Стоя наверху, Лукас наблюдал, как они с Барнсом укладывали бразильскую древесину, четыре длинных доски и две покороче. Лихтер был уже полностью загружен, и им пришлось положить бразильские доски поверх всего остального. Они были хороши даже в необработанном виде – плотное дерево с чудесным рисунком глубокого красного цвета. Лукас пометил каждую доску – на обоих концах виднелись маленькие квадратные следы от молотка.
На какое-то мгновение Торнхилл решил, что задуманный им план придется отменить. Это даже было не осознанное решение – просто ощущение, словно кто-то плеснул ему за шиворот холодной воды: «Он знает, не делай». Сердце колотилось так, что в груди прямо ухало. Он знал, как называется это чувство – то был страх. Но чтобы помешать кому-то украсть что-то у того, кому это что-то принадлежит, одного страха недостаточно. Это чувство – такая же составляющая жизни гребца, как вечно мокрые башмаки. Все просто: страхом за крышу над головой не заплатишь.
Лукас стоял на палубе «Роуз Мэри», уперев толстые ручищи в объемистые бока, и внимательно наблюдал за погрузкой. «Мне не нравится, что ты положил бразильские доски поверх всех остальных, – заявил он. – Они стоят пятьдесят фунтов». Торнхилл глянул на него снизу, из лихтера: «Вы бы хотели, чтобы мы разгрузились, положили их вниз и загрузились снова?» Лукас постоял, размышляя, и наконец решил: «Нет, но смотри, парень, чтобы с ними ничего не случилось». Торнхилл изобразил подобострастие: «Конечно, мистер Лукас, можете на меня положиться».
К трем пополудни лихтер был полностью загружен, но как раз начался отлив, так что пришлось повременить. У Торнхилла была с собой еда, и он уселся на доски, ожидая, когда наступит вечер. Около одиннадцати он услышал, как у реки поменялся голос, а это означало, что начинается прилив. Он отогнал лихтер от корабля, и прилив понес их вверх по течению. Ему оставалось лишь направлять судно веслом.

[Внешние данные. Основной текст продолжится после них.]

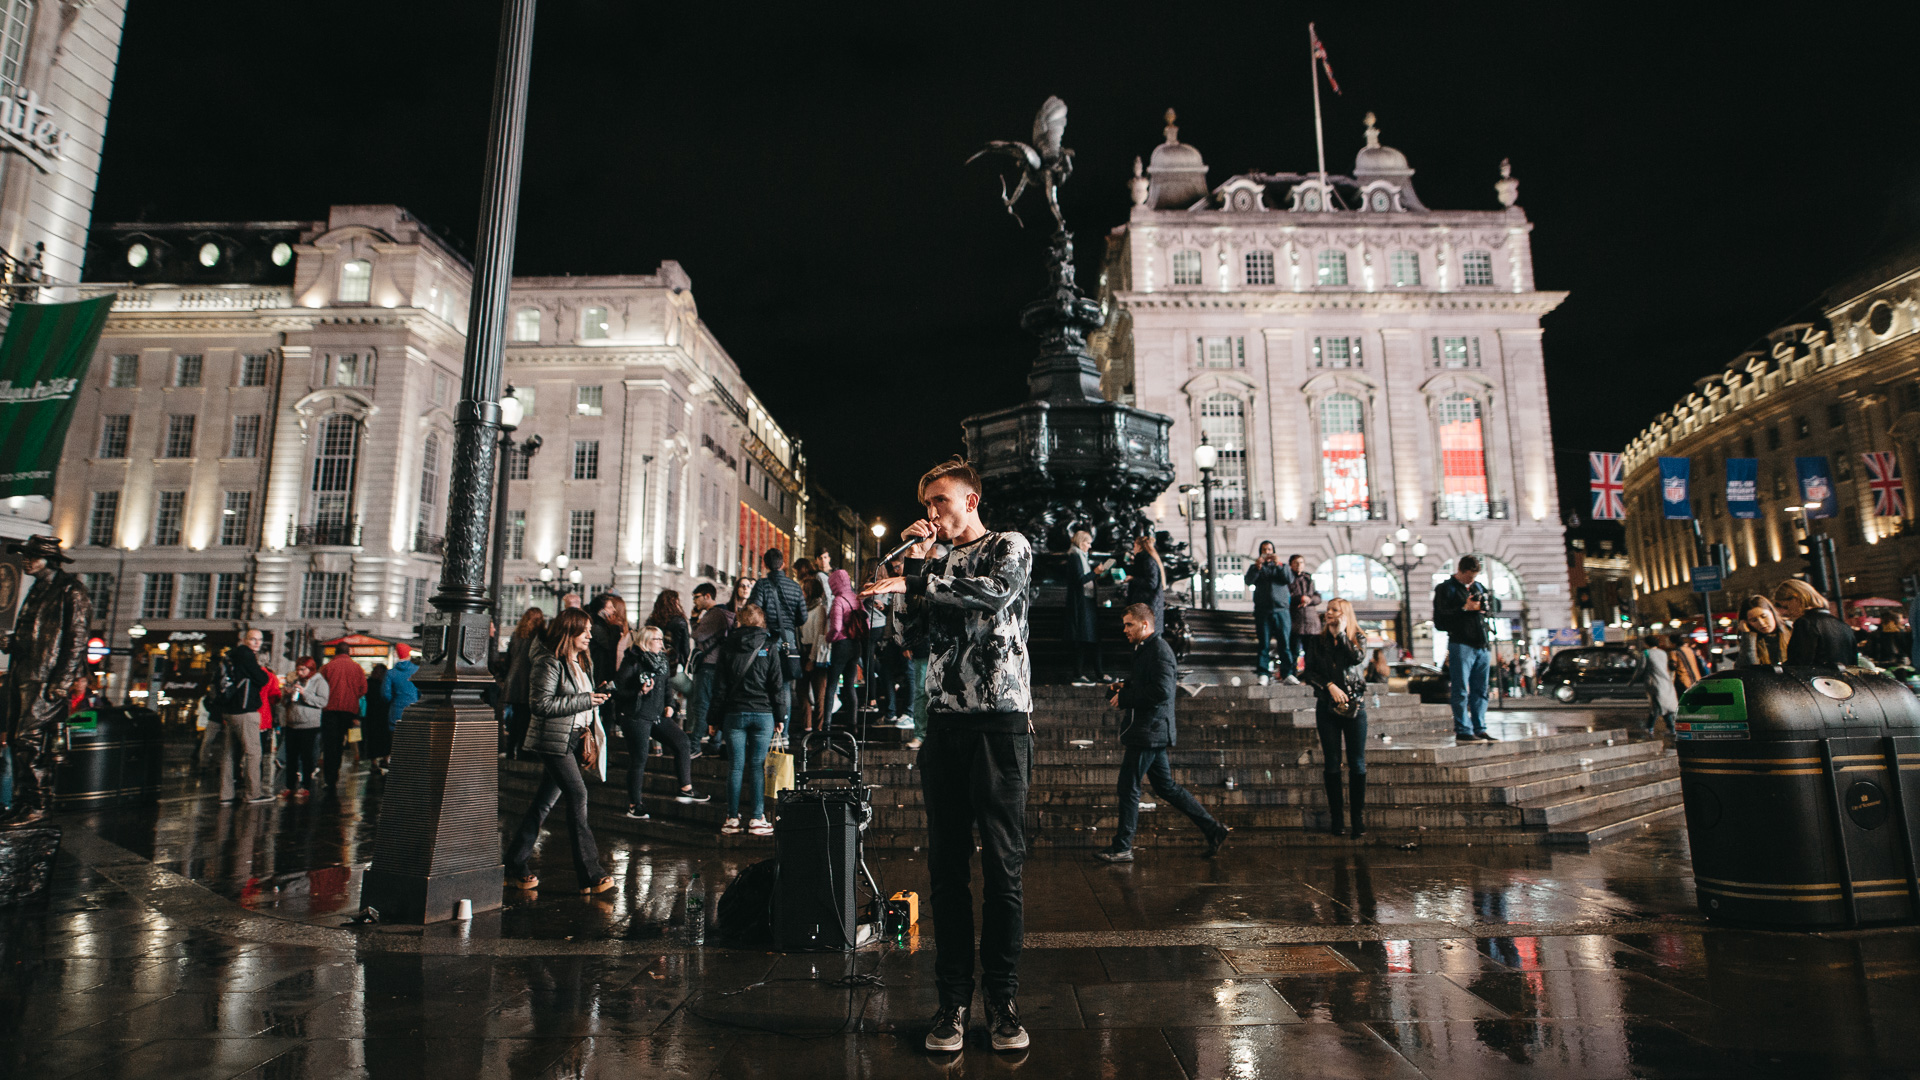 gabor_lenart_london_photographer_street_blogger_lifestyle_img_5231

Он прошел через среднюю часть Лондонского моста и повернул к банке Мидлсекса. В кромешной тьме он различал лишь воду. По тому, с какой скоростью он прошел под Лондонским мостом, он высчитал, когда ему надо свернуть к пристани Трех Кранов, и повернул судно в сторону берега, поймав течение, которое принесло его к доку. Он слышал, как плещется о деревянные сваи вода, судя по звуку, она стояла еще слишком низко, чтобы начинать разгрузку.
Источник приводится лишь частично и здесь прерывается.